The twenty-first century promises breakthrough opportunities for American women, who have led the recovery of our workforce participation rate.

Women, especially those in their late 20s and early 30s, have been responsible for 40 percent of the growth in our labor force since 2015.

Over the past year, women have represented more than 25 percent of net new non-managerial jobs in the private sector.

The U.S. Labor Department in March reported that:

• Women’s participation in the U.S. labor force has climbed since from 32 percent to 57 percent from World War II to 2016.

• Women have made notable gains in professional and managerial occupations.

• 75 percent of women work full time.

• Mothers are the sole earners for 40 percent of the households with children under 18 today, compared with 11 percent in 1960

The overall labor-participation rate — the percentage of the population that is either working or seeking work — of American civilians over the age of 16 has dropped from 67 percent in 2000 to 62.7 percent.
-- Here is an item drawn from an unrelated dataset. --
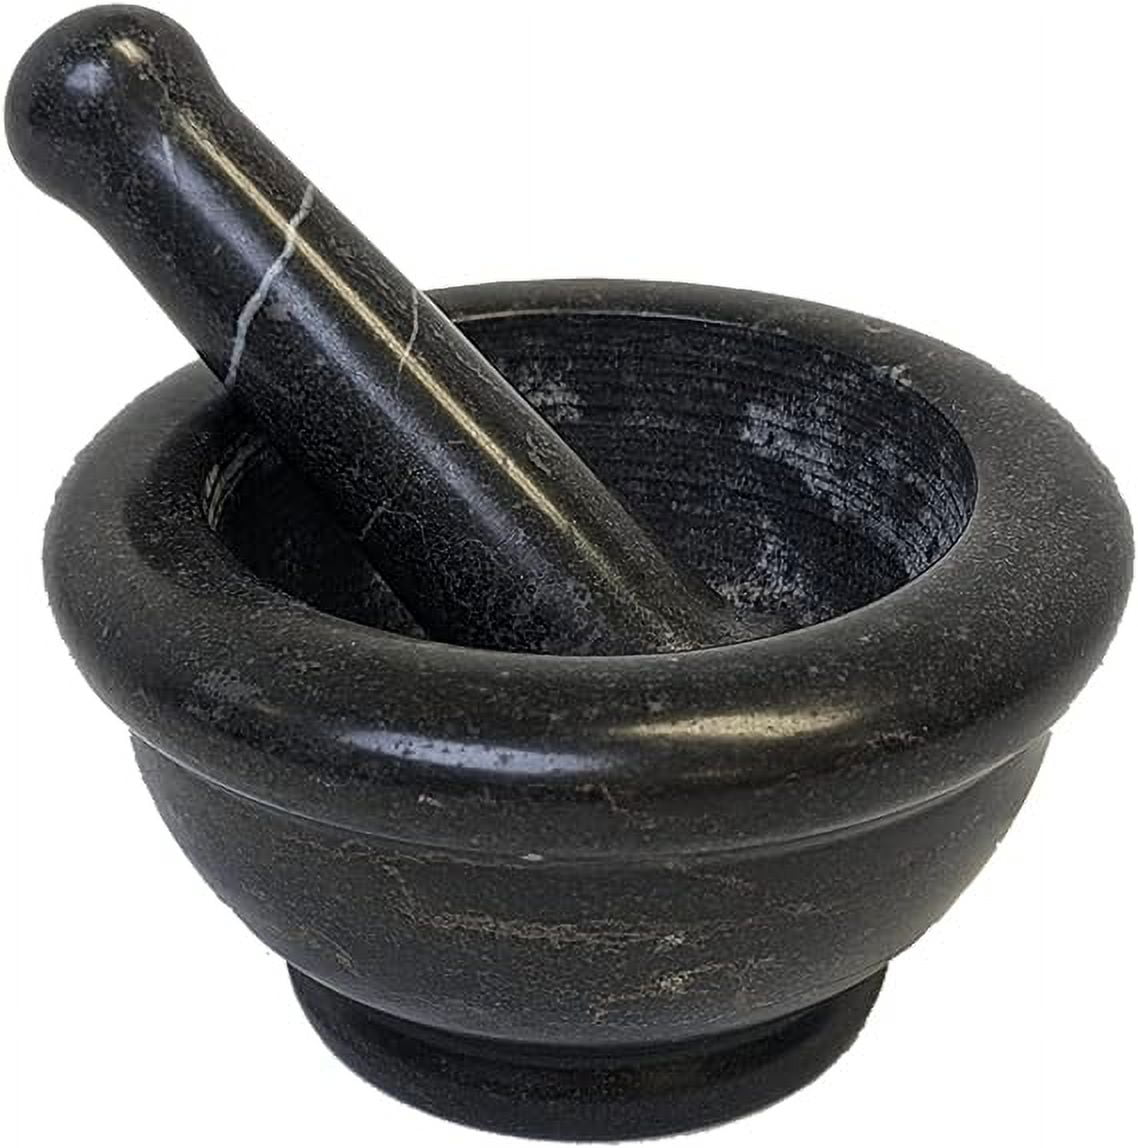 Velaze Granite Mortar and Pestle Set, 6.5 inch Pestle and 19.5 oz  Mortar,Natural Unpolished, Non Porous Spice Grinder, Small Bowl for Kitchen  Spices
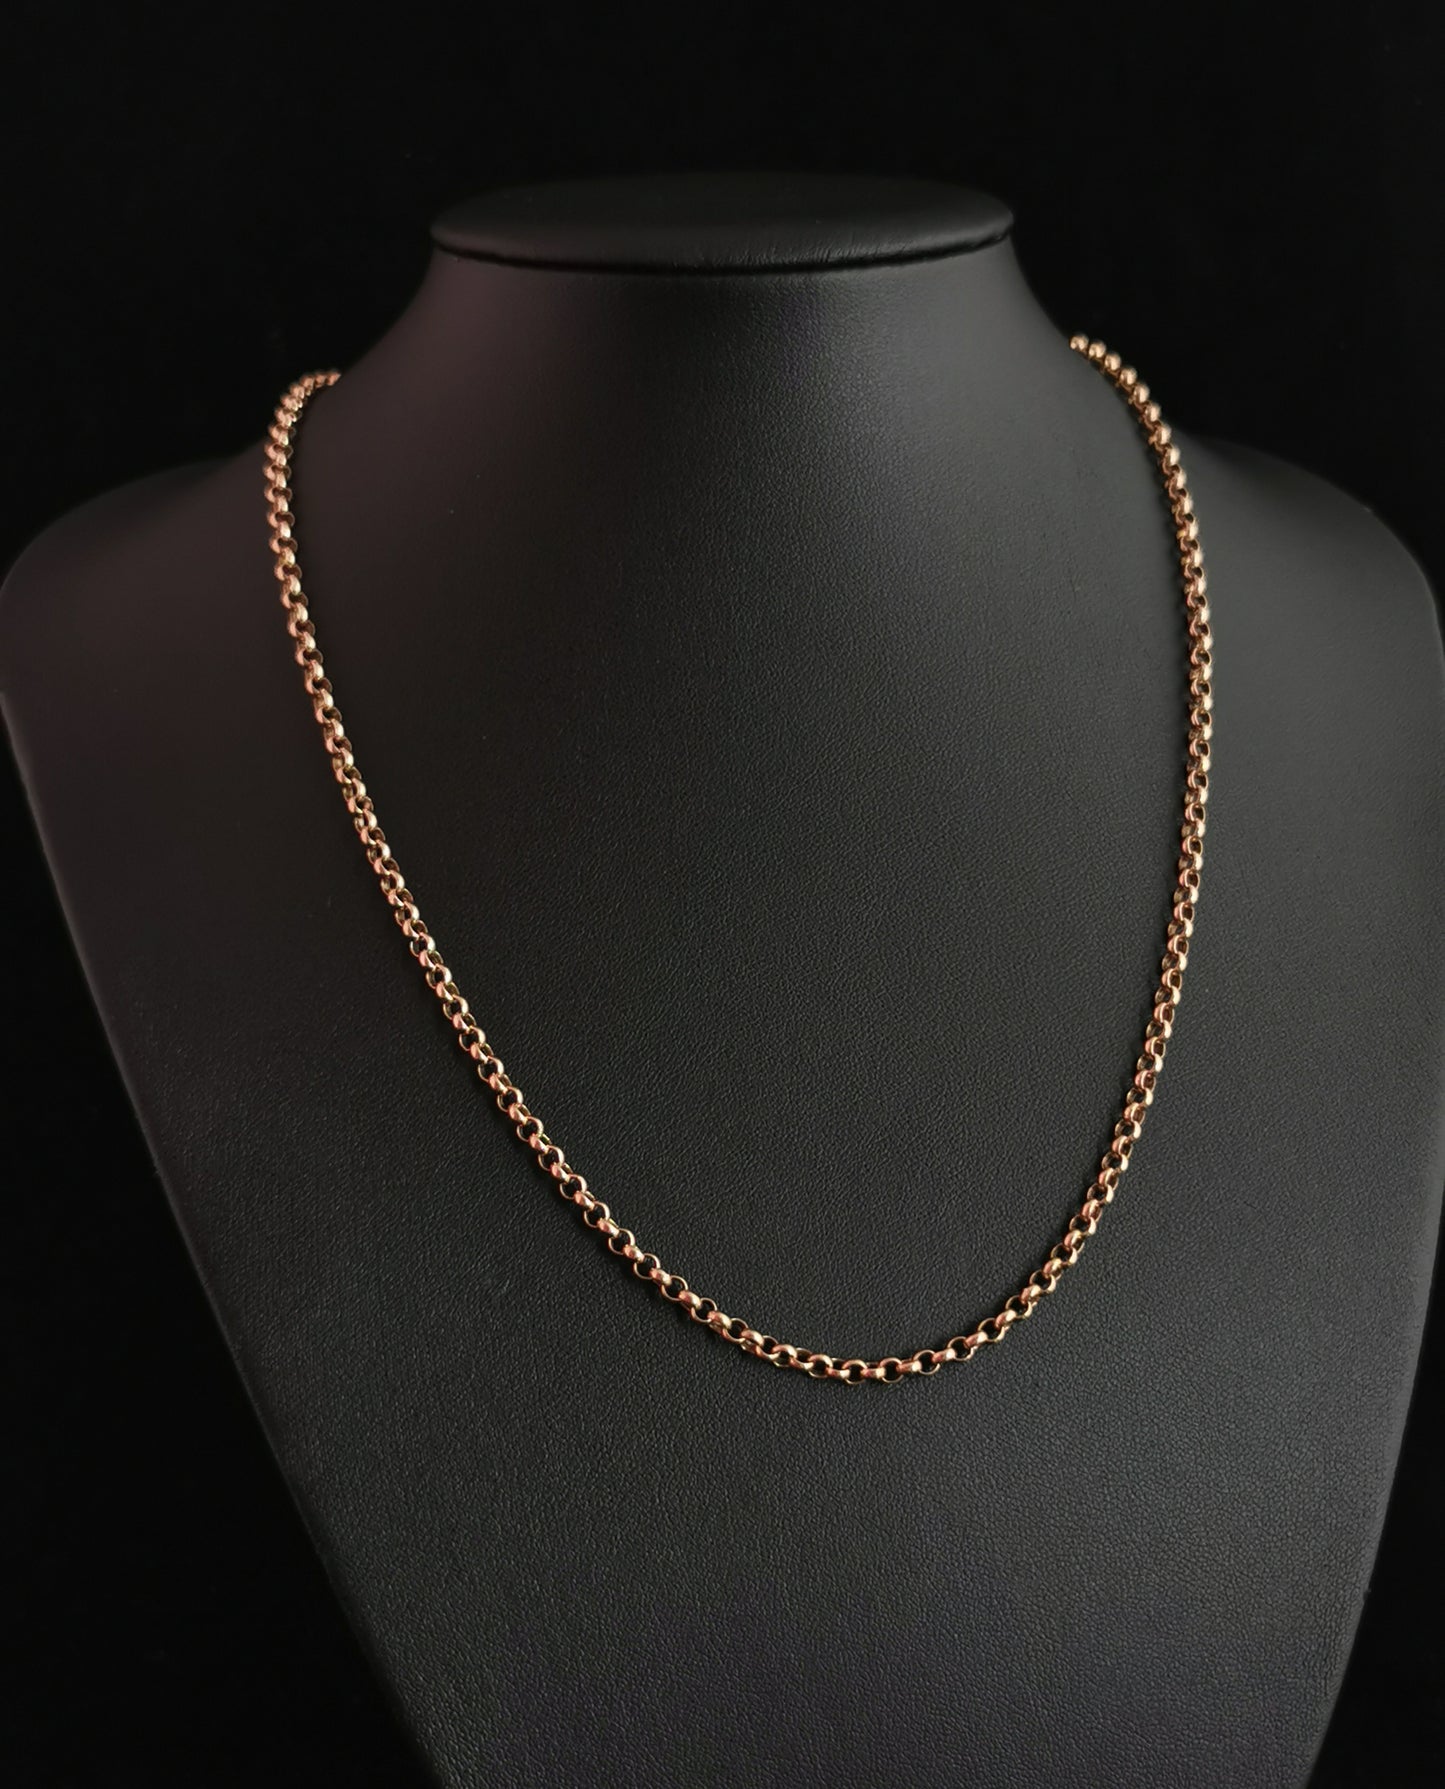 Vintage 9ct yellow gold Belcher link chain necklace, rolo link

Globalization and America’s aging population have caused much of this decline.

Why have women led an improvement in the participation rate?

American women have adapted well to technological changes. The percentage of women who are working in professional occupations has risen, in large part because they have surpassed men educationally.

Women are now a majority of college graduates, represent a majority of law students and constitute 50 percent of those entering medical school.

Another phenomenon is taking place at the other end of the wage spectrum.

Isabel Sawhill, of the Brookings Institution, a highly regarded, nonprofit public policy organization, offered this explanation of why women’s workforce participation has risen: Low-skilled job openings have been concentrated in service industries that do not attract men.

The U.S. Census Bureau does not project pay parity between men and women until 2052 and, today, women still suffer from a 20 percent pay gap. According to the Census Bureau, their earnings ratio has not changed much since 2007.

Yet higher earnings have encouraged more poorer women to seek employment. Median earnings are now growing by 4 percent annually among full-time employees with only a high-school diploma, compared with 2.9 percent for those with a bachelor’s degree.

One troubling spot for women is the construction industry, in which they represent only 8.9 percent of the total U.S. construction industry’s workers.

We must confront America’s historic value system. Until World War II, a working married woman engendered a stigma because it implied that her husband was an inadequate provider. Before World War II, 87 percent of school boards would not hire married women. Seventy percent of school boards would not retain a woman after she married.

Women’s early progress was attributable in part to their contributions to America’s war effort in World War II. With 10 million men serving in our armed forces, the country recruited women into manufacturing positions to meet production quotas.

Three-time Pulitzer Prize winner Thomas Friedman’s Book, “The World is Flat,” highlighted new competitive forces unleashed by globalization.

Friedman warned that all Americans must develop new technology skills to remain competitive.

Other countries, particularly in Europe, offer better programs for women ,such as family leave, subsidized child care and support for part-time work.

America’s female labor-force participation was sixth highest among 22 advanced countries studied by economists Francine Blau and Lawrence Kahn in 2013.

I recommend that we take policy steps that will make us No. 1.